Specificamente in materia di professionalità, oltre al diploma di scuola secondaria di secondo grado, la norma sancisce l'obbligatorietà della frequentazione di un corso di almeno 72 ore; mentre, analogamente a quanto previsto per gli iscritti agli Ordini professionali esistenti, anche all'amministratore di condominio si richiede l'aggiornamento professionale annuo, che non può essere inferiore a 15 ore e deve riguardare elementi in materia di amministrazione condominiale, in relazione all'evoluzione normativa, giurisprudenziale e alla risoluzione di casi teorico-pratici.

La formazione, iniziale e periodica, è disciplinata dal decreto ministeriale 13 agosto 2014, n. 140, che richiede anche il superamento di un esame finale.

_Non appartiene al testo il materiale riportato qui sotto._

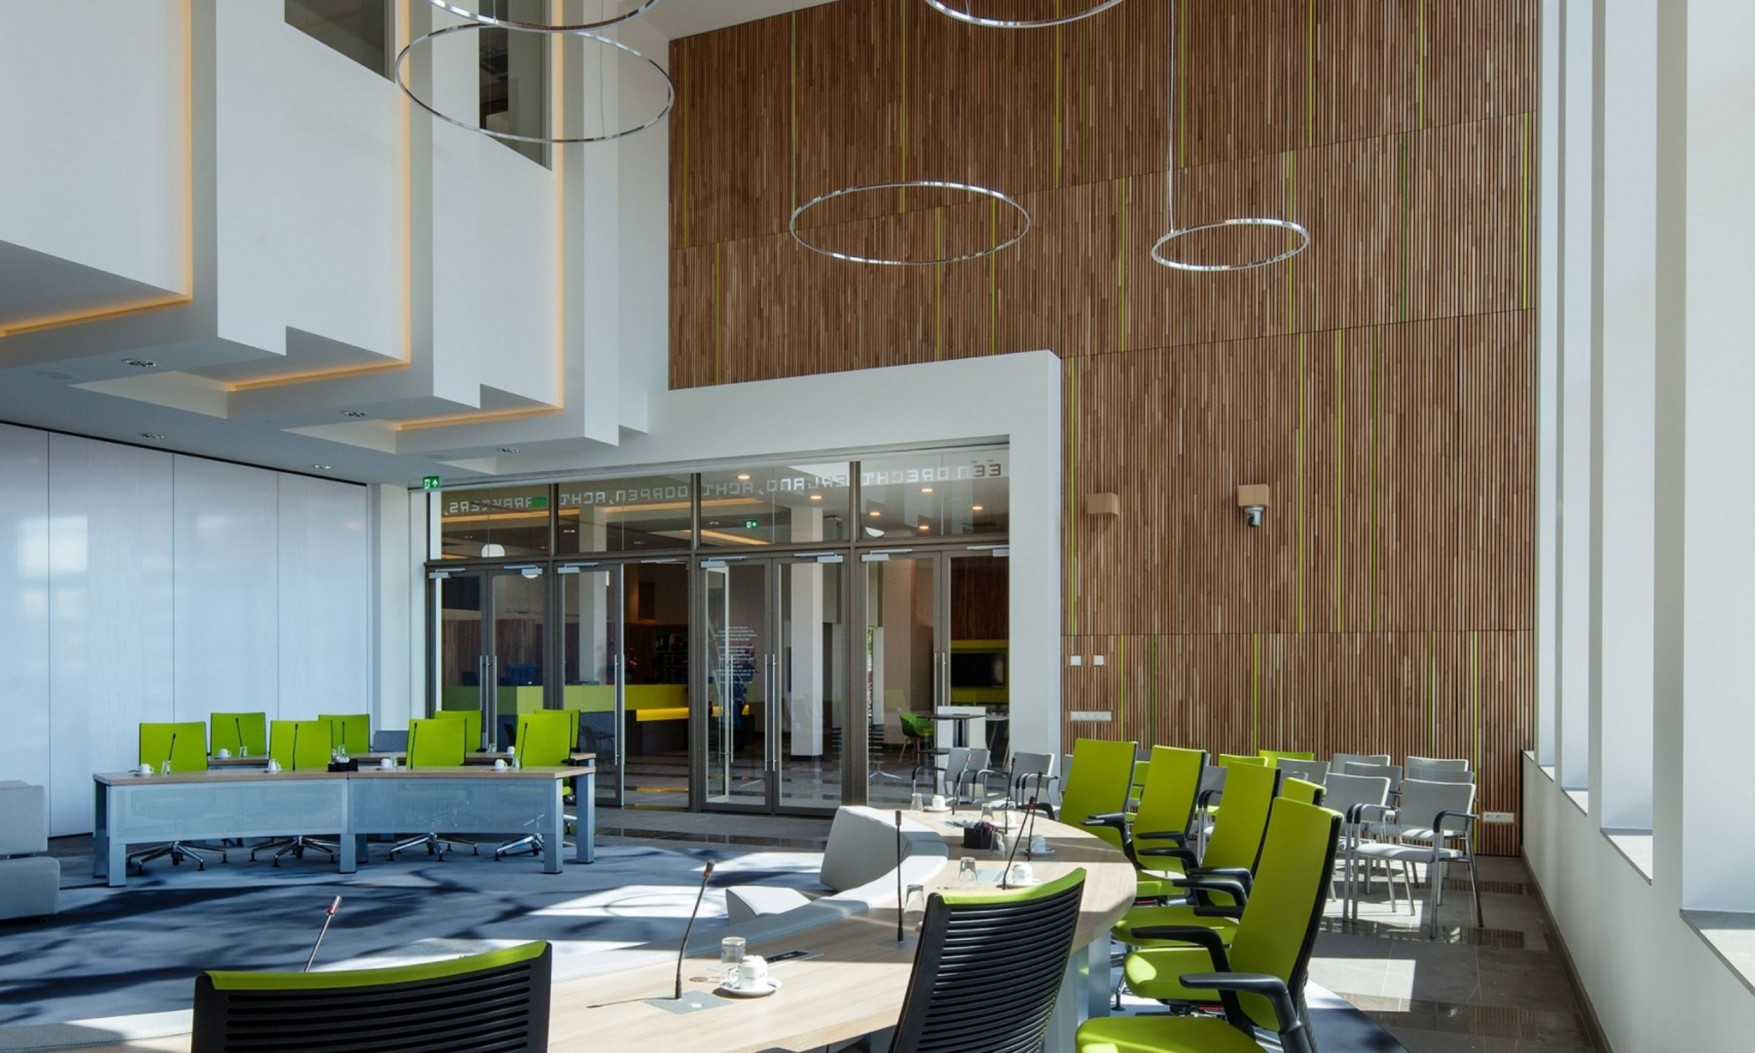 Harryvan Interieurbouw | latten plafond en wandbekleding (gemeente Drechterland)
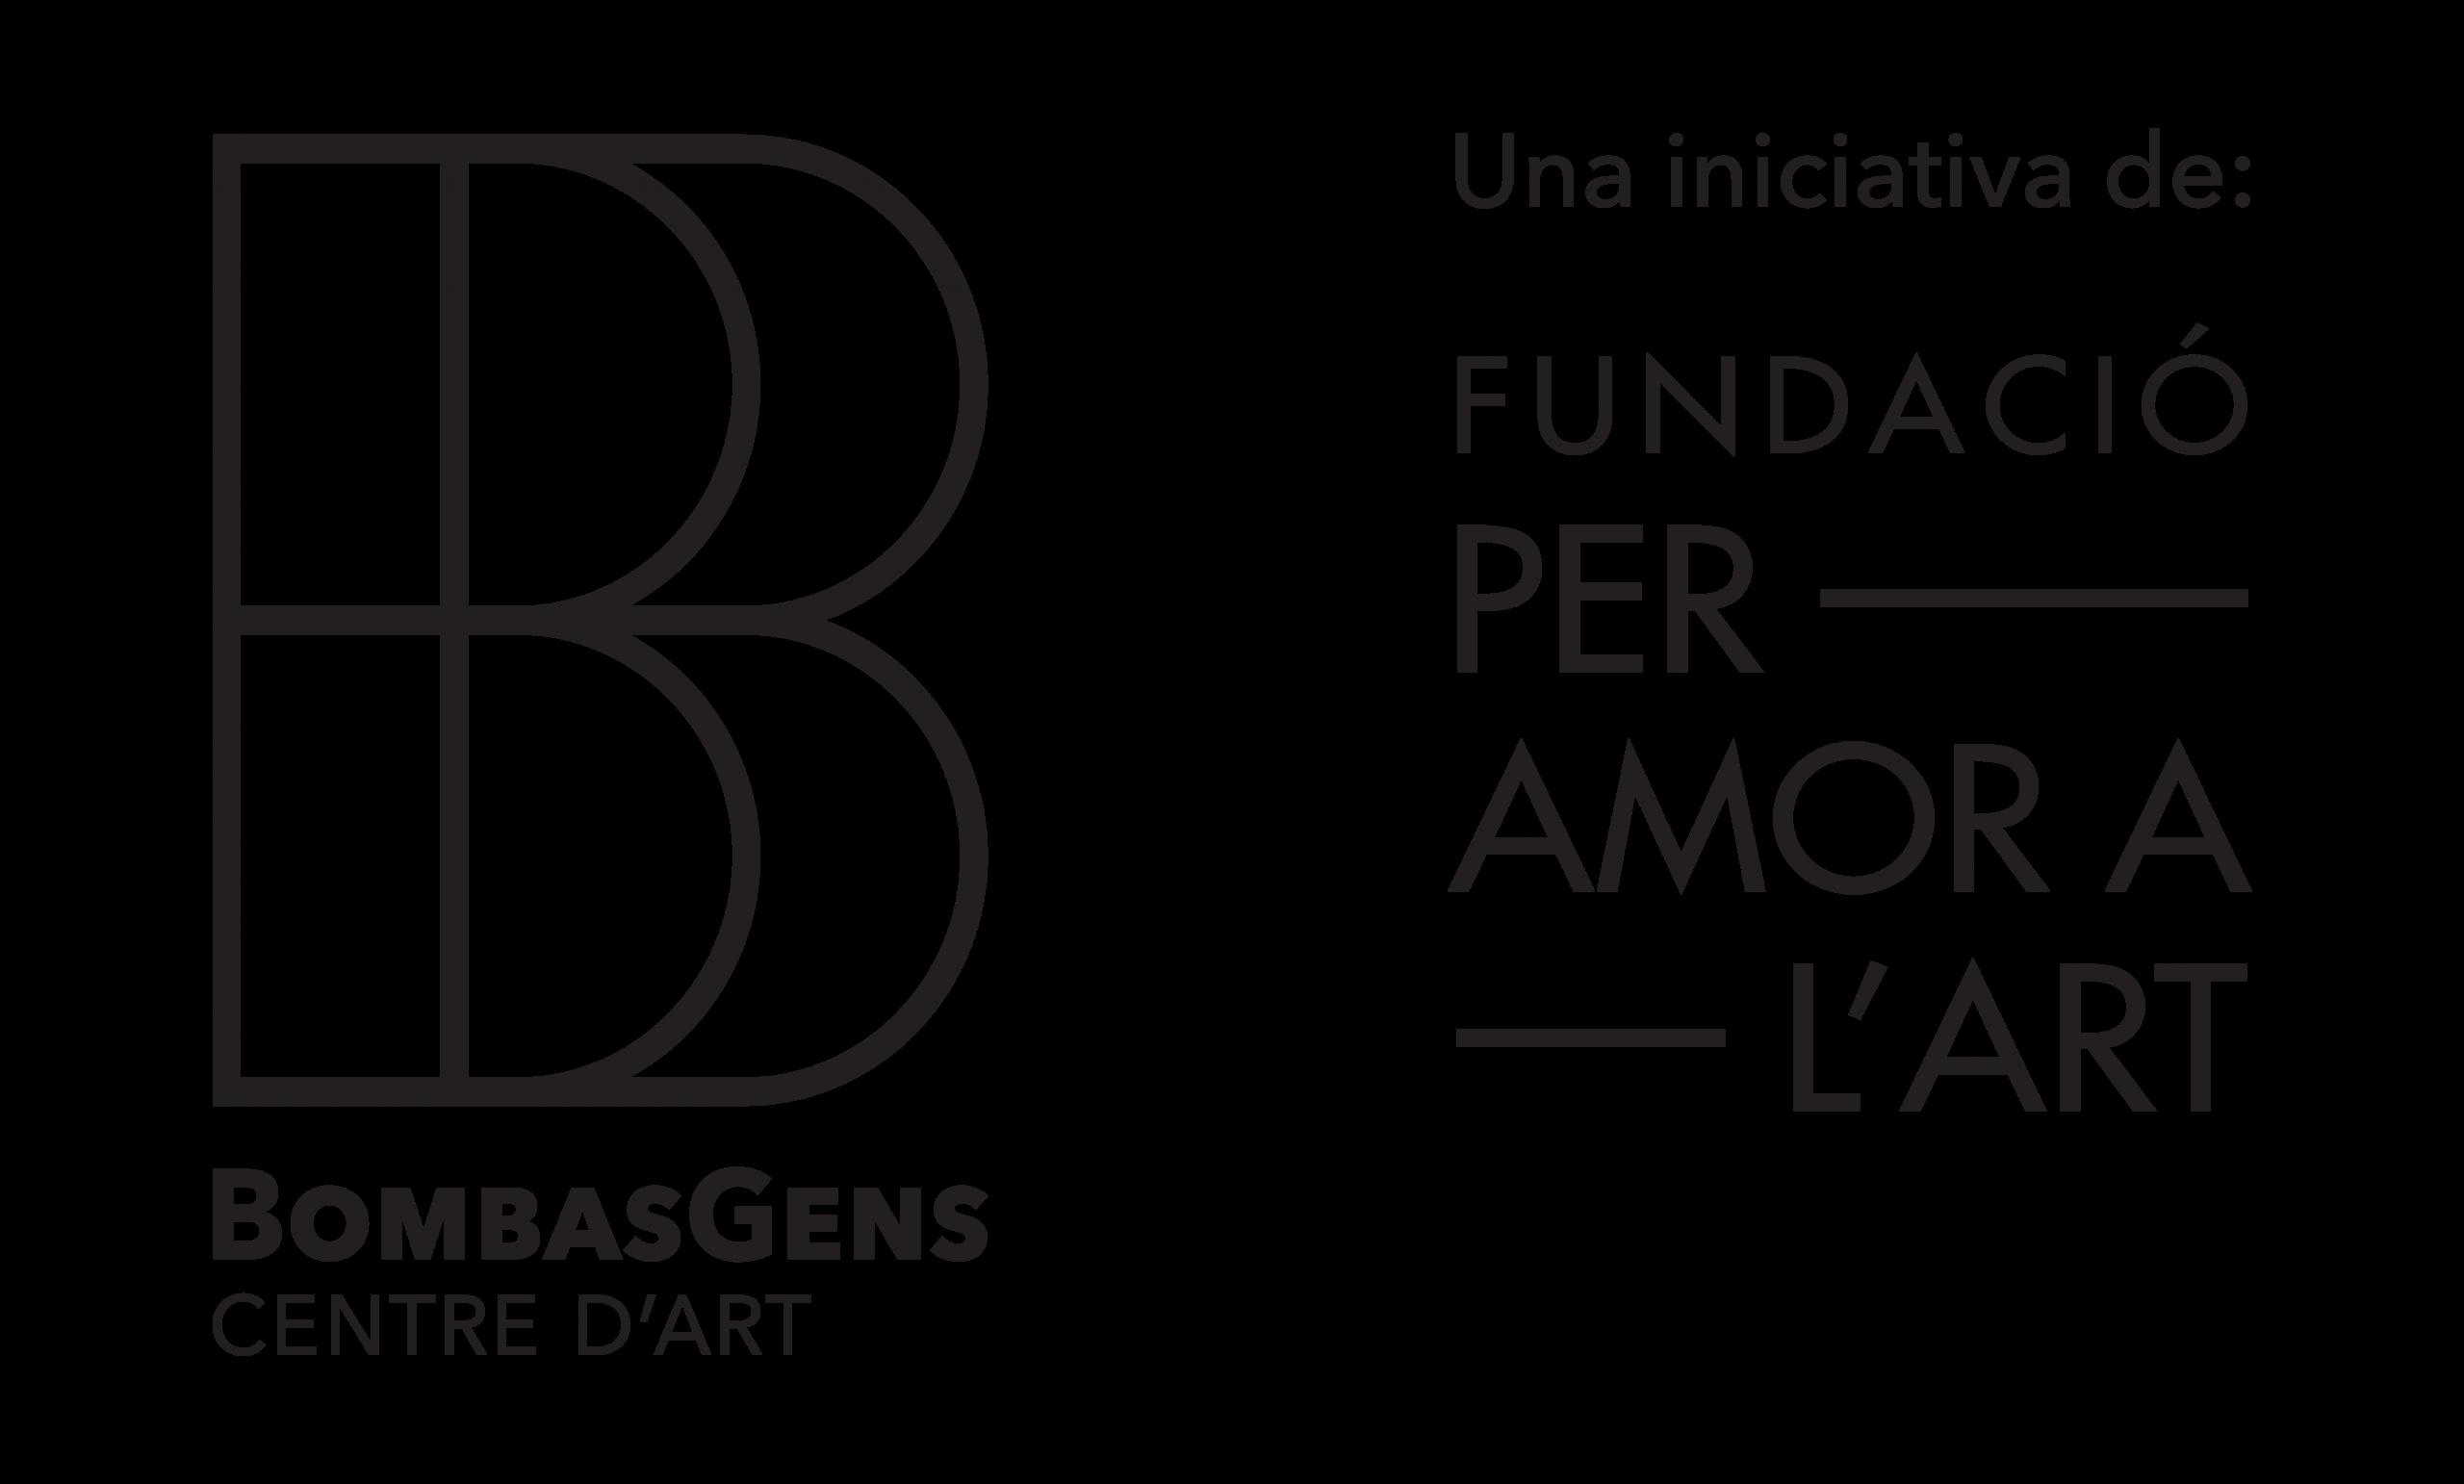 Bombas Gens & Ricard Camarena

Si rammenta inoltre che, nell'ipotesi in cui l'incarico di amministratore di condominio sia svolto da società, i requisiti richiesti devono essere posseduti dai soci illimitatamente responsabili, dagli amministratori e dai dipendenti incaricati di svolgere le funzioni di amministrazione dei condomini a favore dei quali la società presta i servizi. L'amministratore diviene dunque «un professionista a tutti gli effetti».

L'amministratore-società. Inoltre, è ora espressamente previsto che l'incarico di amministratore di condominio possa essere ora conferito, secondo un principio già ampiamente confermato dalla giurisprudenza (Cass. n. 22840/2006; n. 1406/2007; 22840/2008), anche alle società commerciali di cui al Titolo quinto del Libro quinto del codice civile: in questi casi i requisiti di onorabilità e di capacità professionale devono essere posseduti dai soci illimitatamente responsabili, dagli amministratori e dai dipendenti incaricati di svolgere le funzioni di amministrazione dei condomini a favore dei quali la società presta i servizi.

Nella società semplice, detti requisiti devono invece poter essere riconosciuti in capo a ciascuno dei soci.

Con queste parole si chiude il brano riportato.